DIS-Advantage

My girlfriend Emily has a few food allergies that make eating dinner with her a little difficult. And as much as I try to think about what she can eat I invariably forget. Beyond that, I forget to explain it to my other friends when we all go out for a bite. One of the last times we went out my buddy decided to meet at a kid friendly pizza place. Without thinking I accepted and we all meet up. When my buddy asked why Emily wasn’t eating I told him that she is allergic to gluten, tomatoes and some dairy, basically making pizza the worst thing she could possibly eat. My friend quickly apologized for the restaurant selection and Emily said it was fine. She made the point that she didn’t want any special treatment and that she could choose to eat a salad but wasn’t really hungry. I was really happy to hear this from her as I can relate to it as a person with a disability.
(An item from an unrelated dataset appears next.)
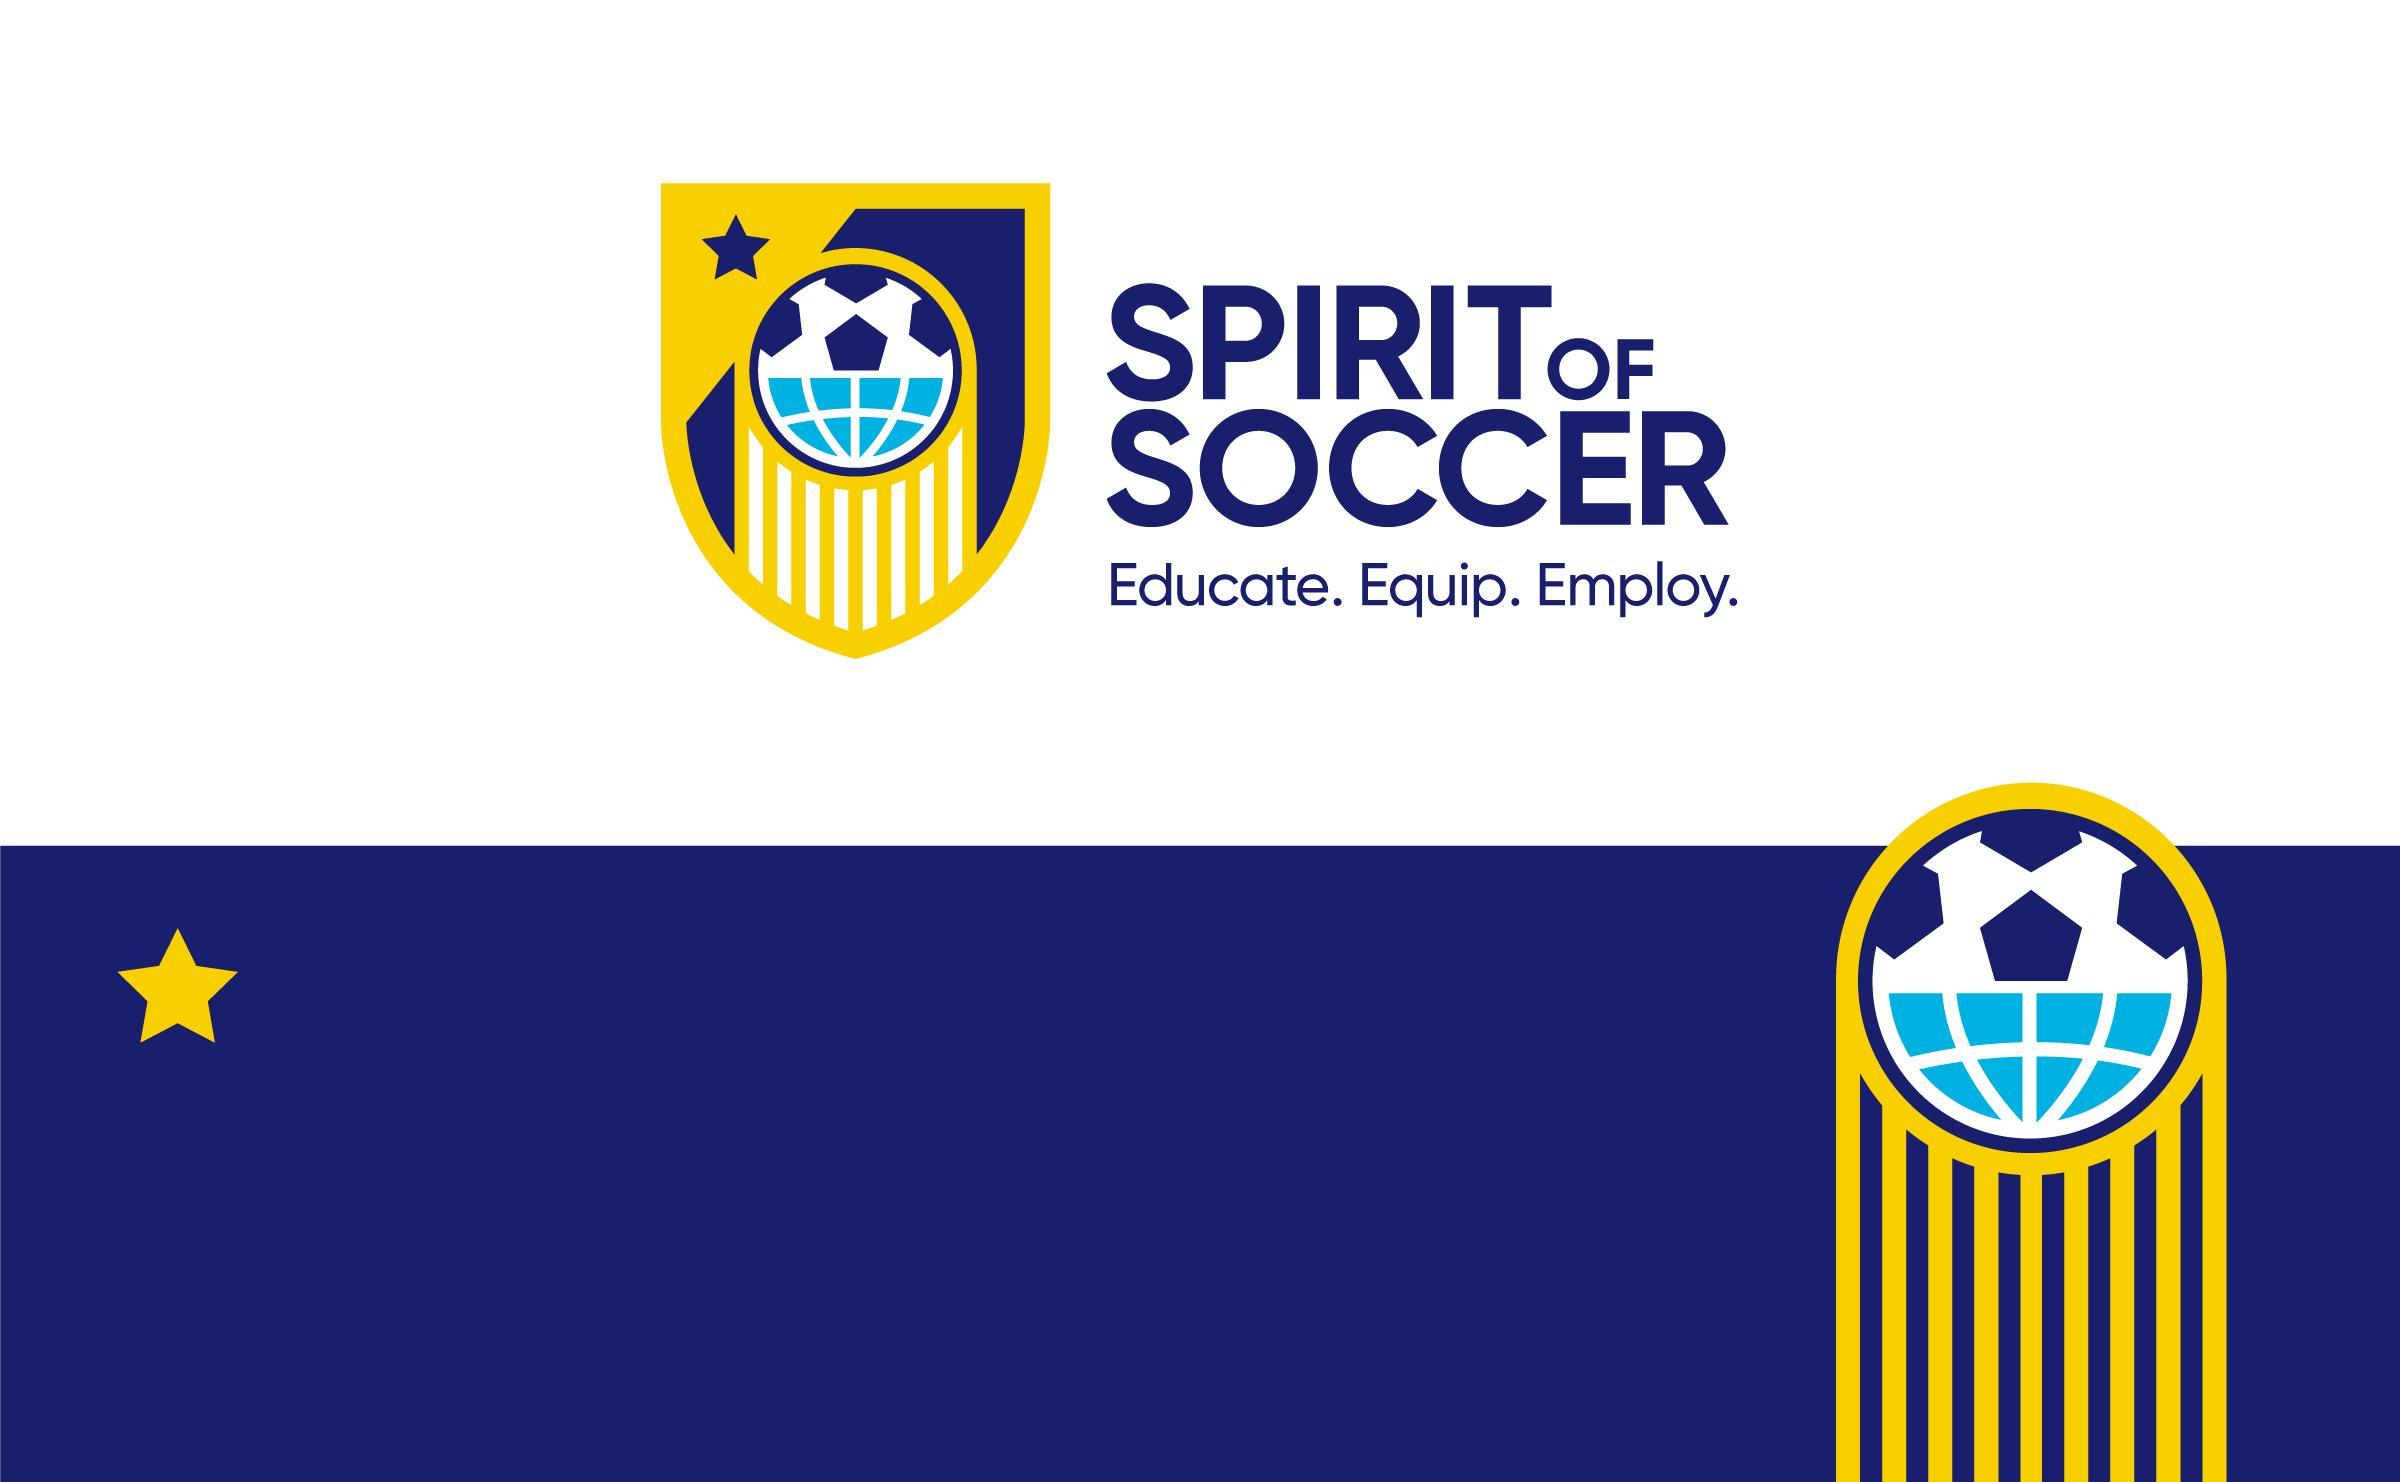 Spirit of Soccer Identity
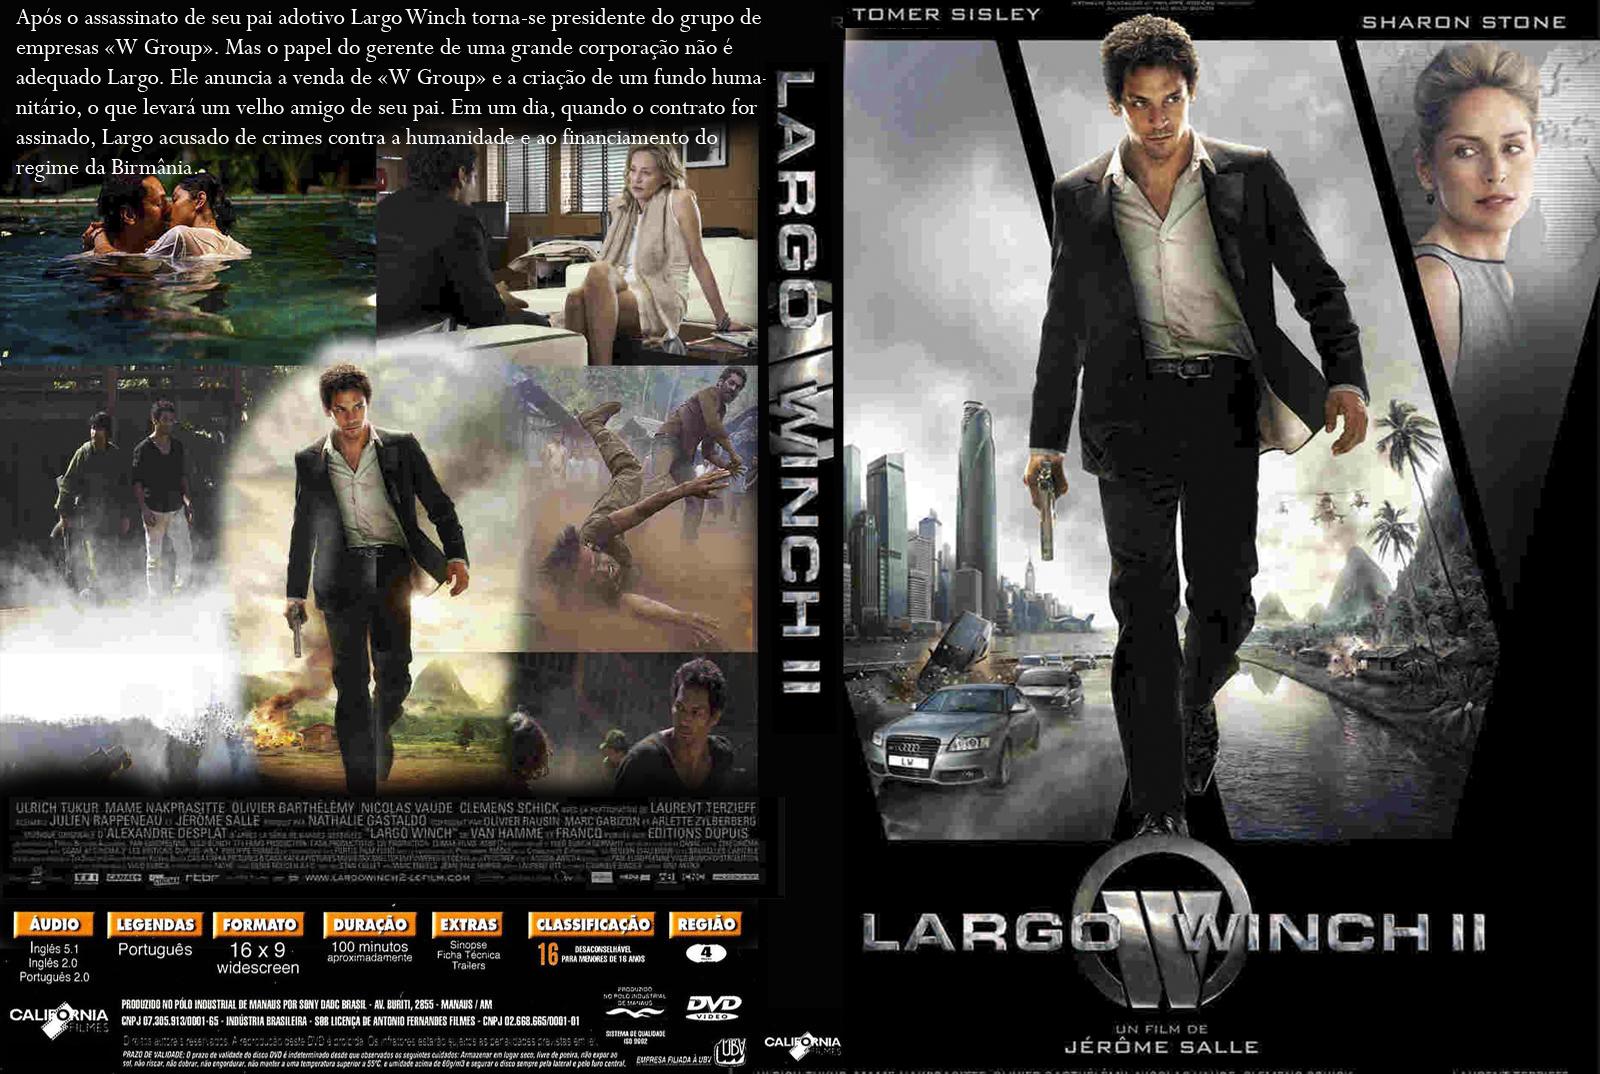 http://2.bp.blogspot.com/-JjOjBLzuEWk/Tgjj9XCiEjI/AAAAAAAAAQ4/hI9RK7T-YYs/s1600/Largo+Winch+2+-+coversbr.jpg

I am not looking for any special treatment. I may not even want to be a part of what it being offered but I do want to have the choice. I think able bodied people make the assumption that disable people are looking for special treatment or even an advantage when it comes to getting jobs or mobility issues. This is a common misunderstanding. When it comes to having a disability many are at a physical disadvantage and all we are looking for is a level playing field. That doesn’t necessarily mean a physical advantage. In most cases it is a mental or emotional advantage we are looking for. In the eyes of some able bodied people doing the hiring they see a person in a wheelchair or with an artificial limb and they automatically think of all the things the disabled person cannot do and maybe the cost of making the work place accessible. They are perceptually using these physical issue to eliminate an otherwise qualified applicant.

While outright discrimination is prohibited I believe the subtle idea that a disabled person cannot meet certain requirements of the job is more common. Disable people want that mental block removed. They don’t want to be seen as different, they don’t want to be treated with any preference they want to be asked if they can met the demands of the job and if it requires a slight variation in how things are usually done then it should be considered.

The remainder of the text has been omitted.